On October 27, a tragic and anti-Semitic act of violence was committed in Pittsburgh. A lone gunman opened fire in a synagogue, killing twelve innocent worshipers at the Tree of Life synagogue. The twenty-four hour news cycle was quick to point fingers at both Republicans and Democrats for the atrocity that had just occurred. Out of all of this shouting emerged one main narrative: Trump is cultivating anti-Semitism in the United States.

This is not the first time such accusations have been made towards Trump, but the backdrop of this brutal shooting coupled with his rhetoric over his first two years of presidency give them newfound severity. However, I do not find these accusations to be entirely correct. Trump is not the creator of anti-Semitism in America but rather promulgates this ideology which has always had a place in our society.

Throughout the 19th and 20th centuries up until World War II, and more specifically the Holocaust, anti-Semitism was almost as prevalent as racism towards people of color in the United States. It was not until the brutal reality of the Holocaust and the advent of William F. Buckley, a news host and conservative thinker who rebranded American conservatism by sweeping “less desirable” ideas under the rug, that anti-Semitism was pushed out of mainstream American ideology. Whether you agree with Buckley or not, he was at least an intellectual; Trump, on the other hand, is not and propagates those ideas which were dampened—but not removed—from American culture. Within this group, anti-Semitism never disappeared, it was only hushed. Now that Trump has been elected, these ideas not only have a megaphone, but also a chance to become policy.

According to Professor Charles Gallagher, the first call to place Jews in concentration camps did not come from Hitler, but rather from an American proto-Fascist named William Dudley Pelley. In 1933, upon the election of Hitler as chancellor of Germany, Dudley founded his Paramilitary group the Silver Shirts. Throughout the 1930s, Dudley wrote in favor of establishing concentration camps in the Midwest in his private newspaper, reaching an audience of 15,000 individuals across the nation.
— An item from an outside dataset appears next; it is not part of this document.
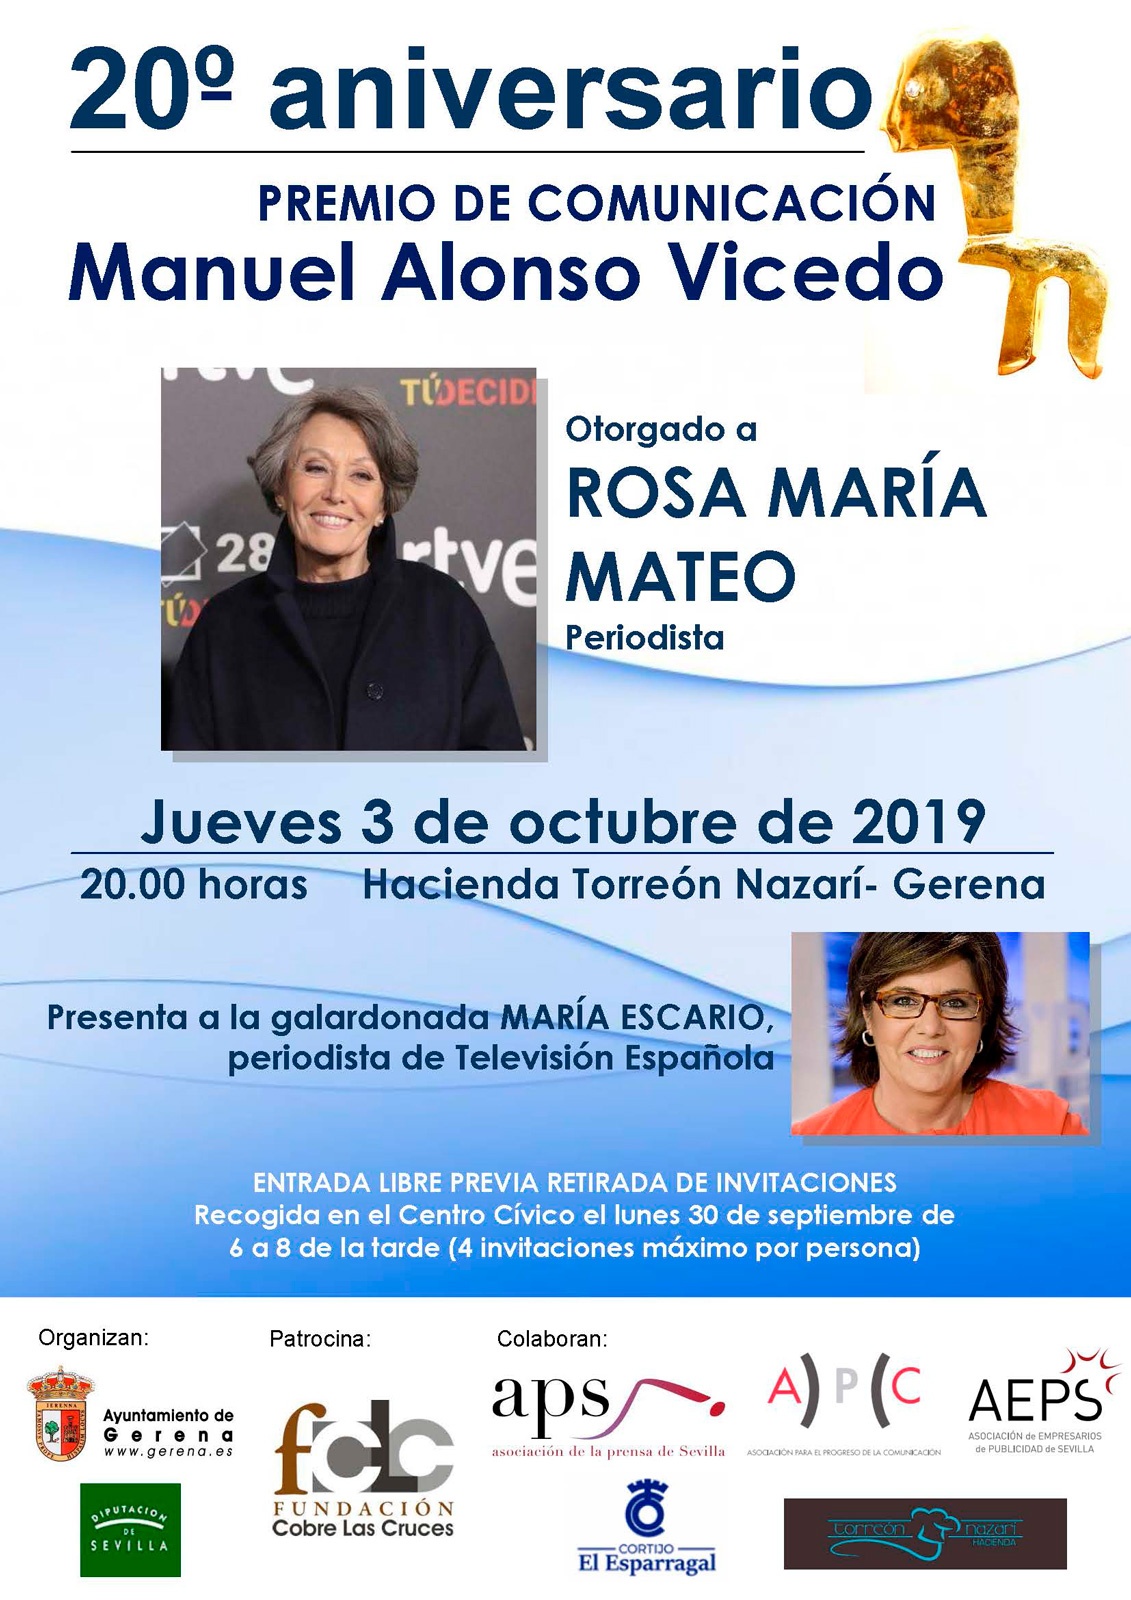 Premio de Comunicación Manuel Alonso Vicedo 2019

This relatively small operation, however, was nothing in comparison to Father Charles Coughlin’s national radio show, during which the Roman Catholic priest railed against the invasion of Jews and Communism into American life in the 1930s to an audience of over five million. Father Coughlin championed the idea of “Judeo-Bolshevism,” which took the violence of the Russian revolution and linked it to the global Jewish Community, thereby establishing the Jewish community as the scapegoat for the supposed violence and socialization of America under the New Deal.

Trump’s anti-Semitism did not suddenly appear out of a vacuum, nor do I believe he is truly anti-Semitic; rather, I believe that Trump is once again emulating the ideas that his constituents hold. That is to say, Trump will promise and say anything to a specific group of people in order to get them to vote for him. For example, Trump promised to keep social security for moderate Republicans, promised to bring jobs back for the blue-collar workers, and promised a return to family values for the Evangelicals. This is what allowed him to have such a diverse group of supporters in the 2016 election. Now with Trump’s anti-Semitic statements, he has become a mouthpiece for a significant portion of his base that already holds those views.

Coughlin was on the air not even eighty years ago, and while society has made progress, those views have been entrenched in American culture for decades and will not disappear overnight. By embodying another ideal of his base to secure popularity, Trump is pushing this country towards a future in which racists and anti-Semites feel emboldened and are emerging out from under the rug to rejoin mainstream culture.